CI builds the examples; I just wasn't building them on my PC.

I was unaware of the macros change. Can you give me an example?

MDSPAN_IMPL_STANDARD_NAMESPACE and MDSPAN_IMPL_PROPOSED_NAMESPACE are the two macros. They can be defined by users, but they also get default definitions, e.g., here in include/experimental/mdspan. The library assumes that MDSPAN_IMPL_PROPOSED_NAMESPACE is nested inside MDSPAN_IMPL_STANDARD_NAMESPACE.

Using these macros might require updating the version of the reference mdspan implementation that github's CI pulls in.

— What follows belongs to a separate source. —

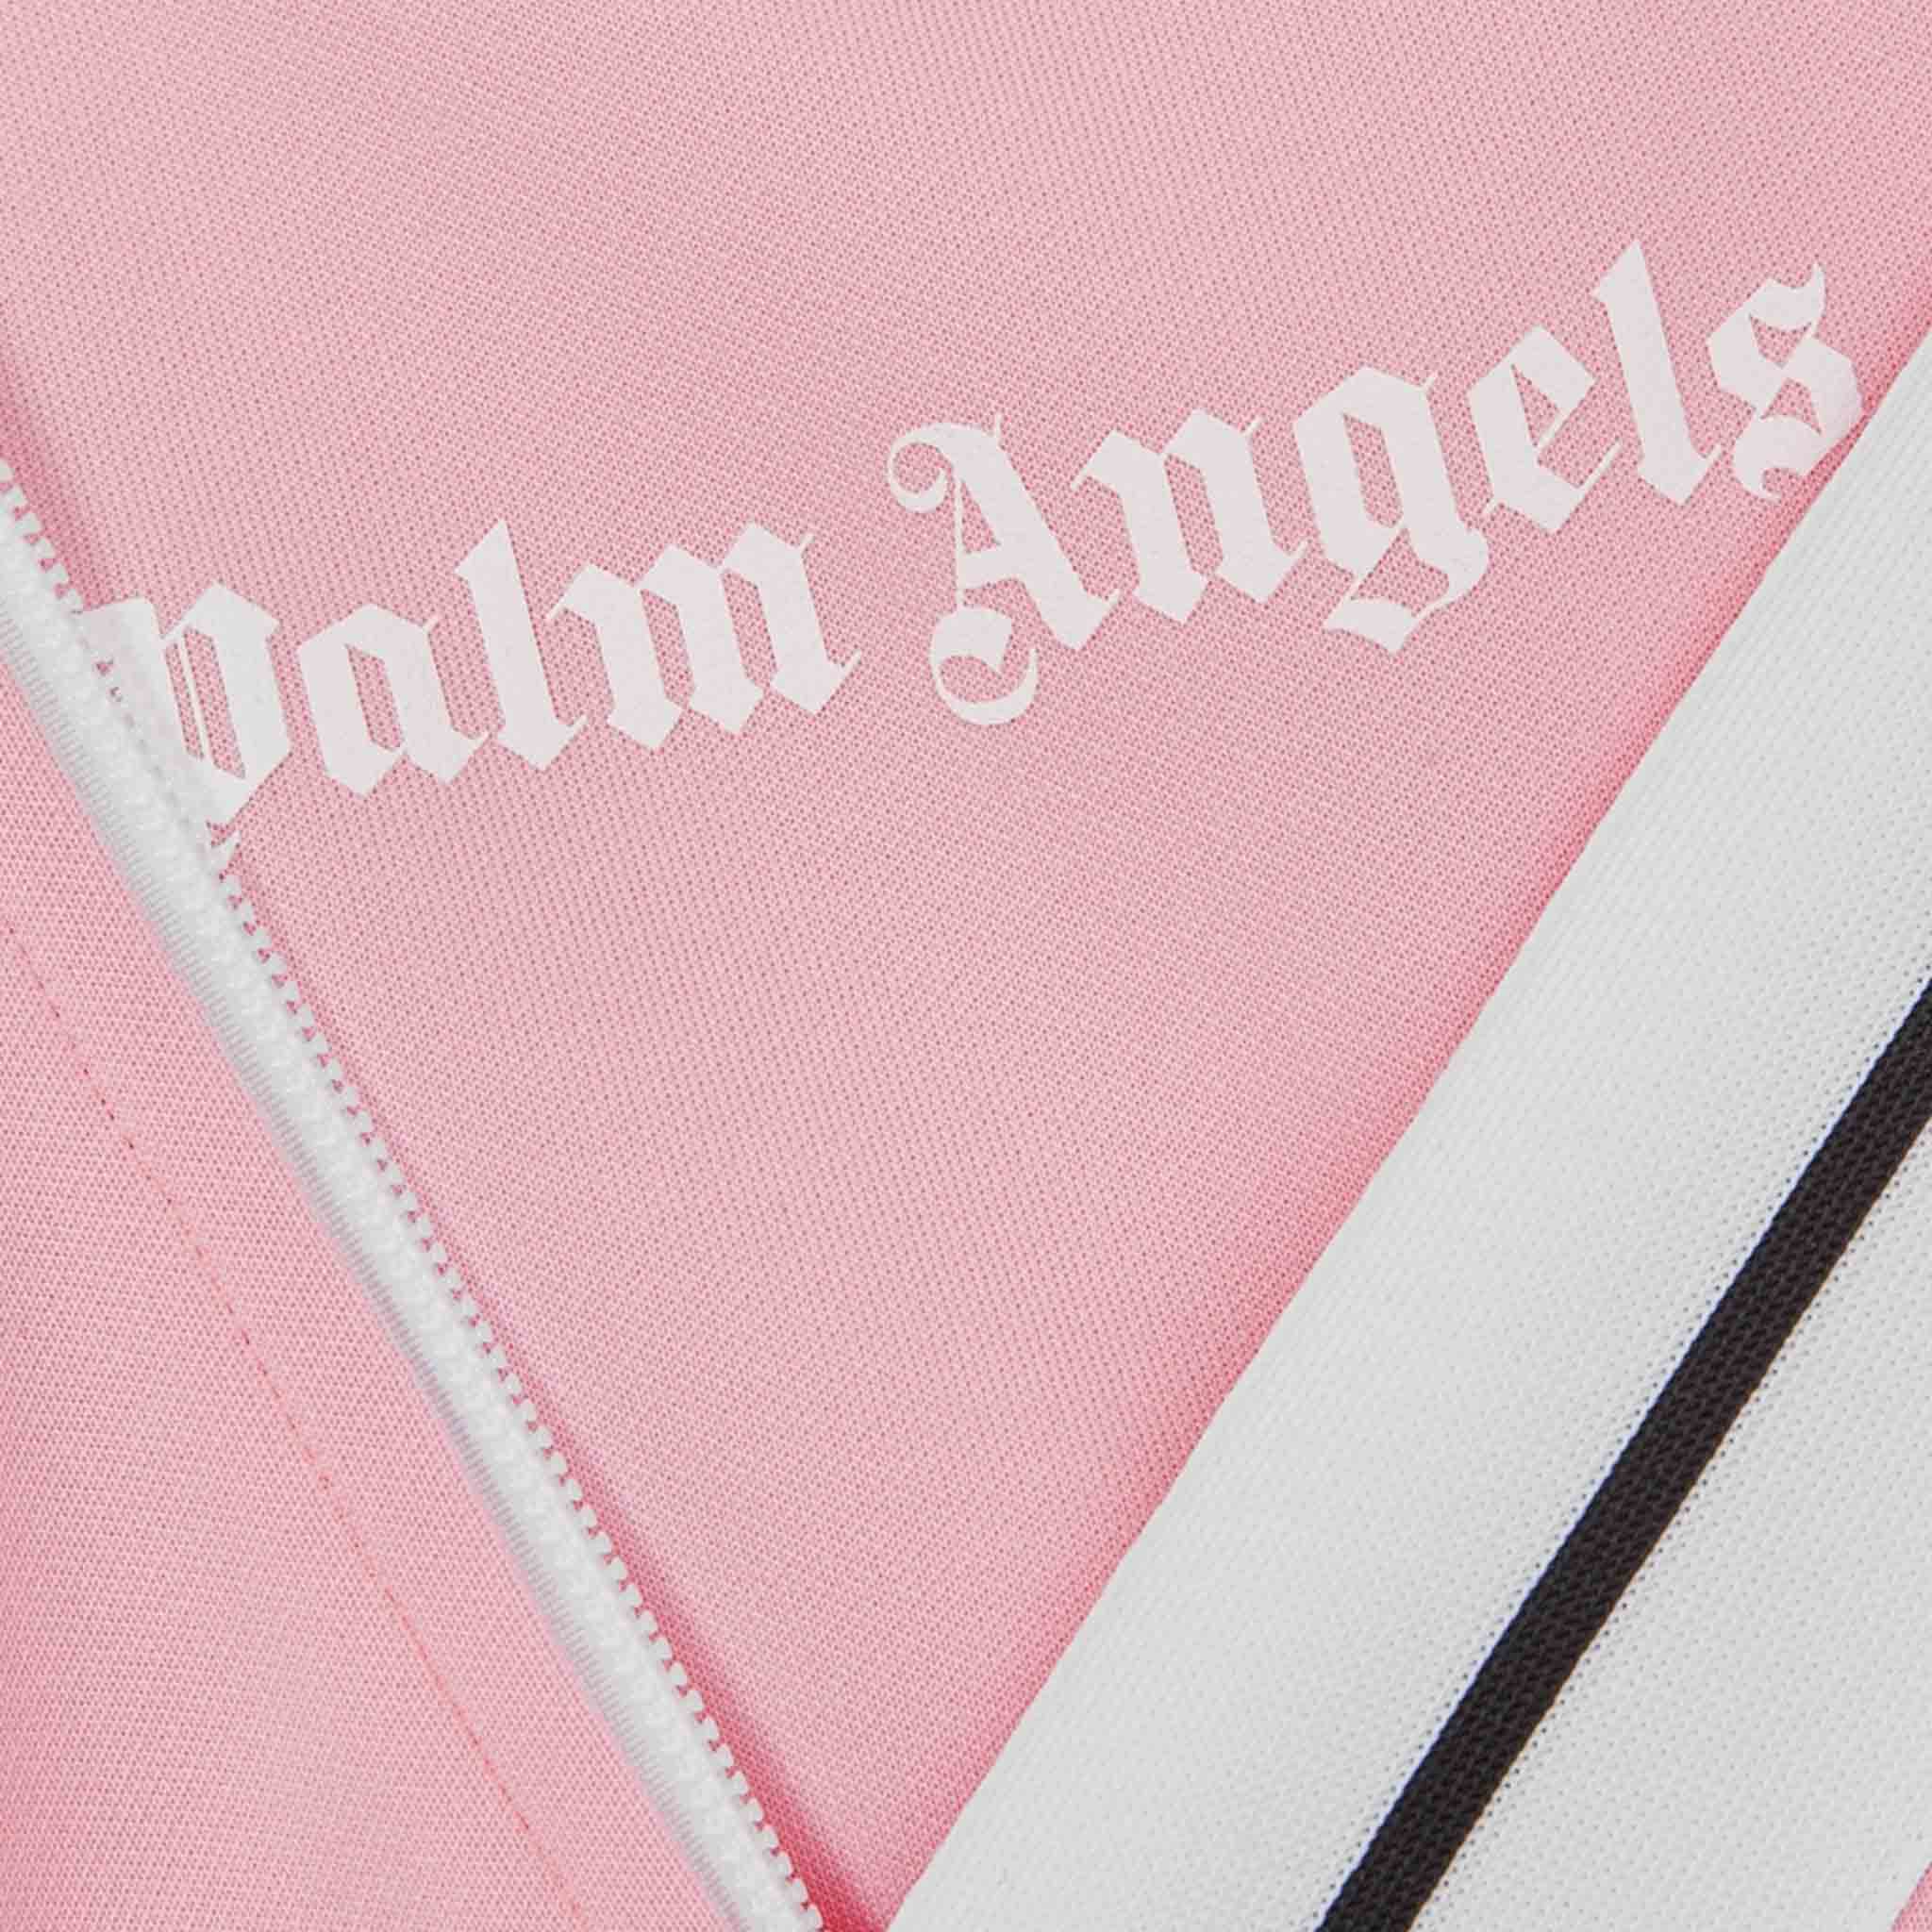 Palm Angels Women's Bomber Track Jacket

mhoemmen · 2023-05-31T22:08:54Z

examples/03_matrix_vector_product_mixedprec.cpp

 using std::experimental::submdspan;
-using std::experimental::full_extent;
+using std::full_extent;


Please see above comment on std::full_extent; thanks!

mhoemmen · 2023-05-31T22:12:56Z

include/experimental/__p1673_bits/blas1_dot.hpp

@@ -43,6 +43,7 @@
 #ifndef LINALG_INCLUDE_EXPERIMENTAL___P1673_BITS_BLAS1_DOT_HPP_
 #define LINALG_INCLUDE_EXPERIMENTAL___P1673_BITS_BLAS1_DOT_HPP_

+#include <ranges>


<ranges> is a C++20 include. Would you consider protecting both the include and the use of iota_view below with the appropriate feature test macro, and providing a fall-back implementation? It's OK if the fall-back is not parallel.

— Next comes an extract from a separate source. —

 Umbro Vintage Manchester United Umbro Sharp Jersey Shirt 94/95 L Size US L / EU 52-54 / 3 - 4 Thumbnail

Sure! Can you point me to an example of using a feature test macro?

Sure! This web page gives a good summary.

// Ensure that the feature test macro __cpp_lib_ranges is available; // <version> also defines this macro, but that is a C++20 header. #include <algorithm> #if defined(__cpp_lib_ranges) # include <ranges> #endif void some_function() { #if defined(__cpp_lib_ranges_iota) // ... code using views::iota ... #else // ... fall-back code ... #endif }

The point of using two different macros -- one for the header, and one for the specific feature iota::view -- is that the feature came after the header, so some compiler versions may have the header but not the feature.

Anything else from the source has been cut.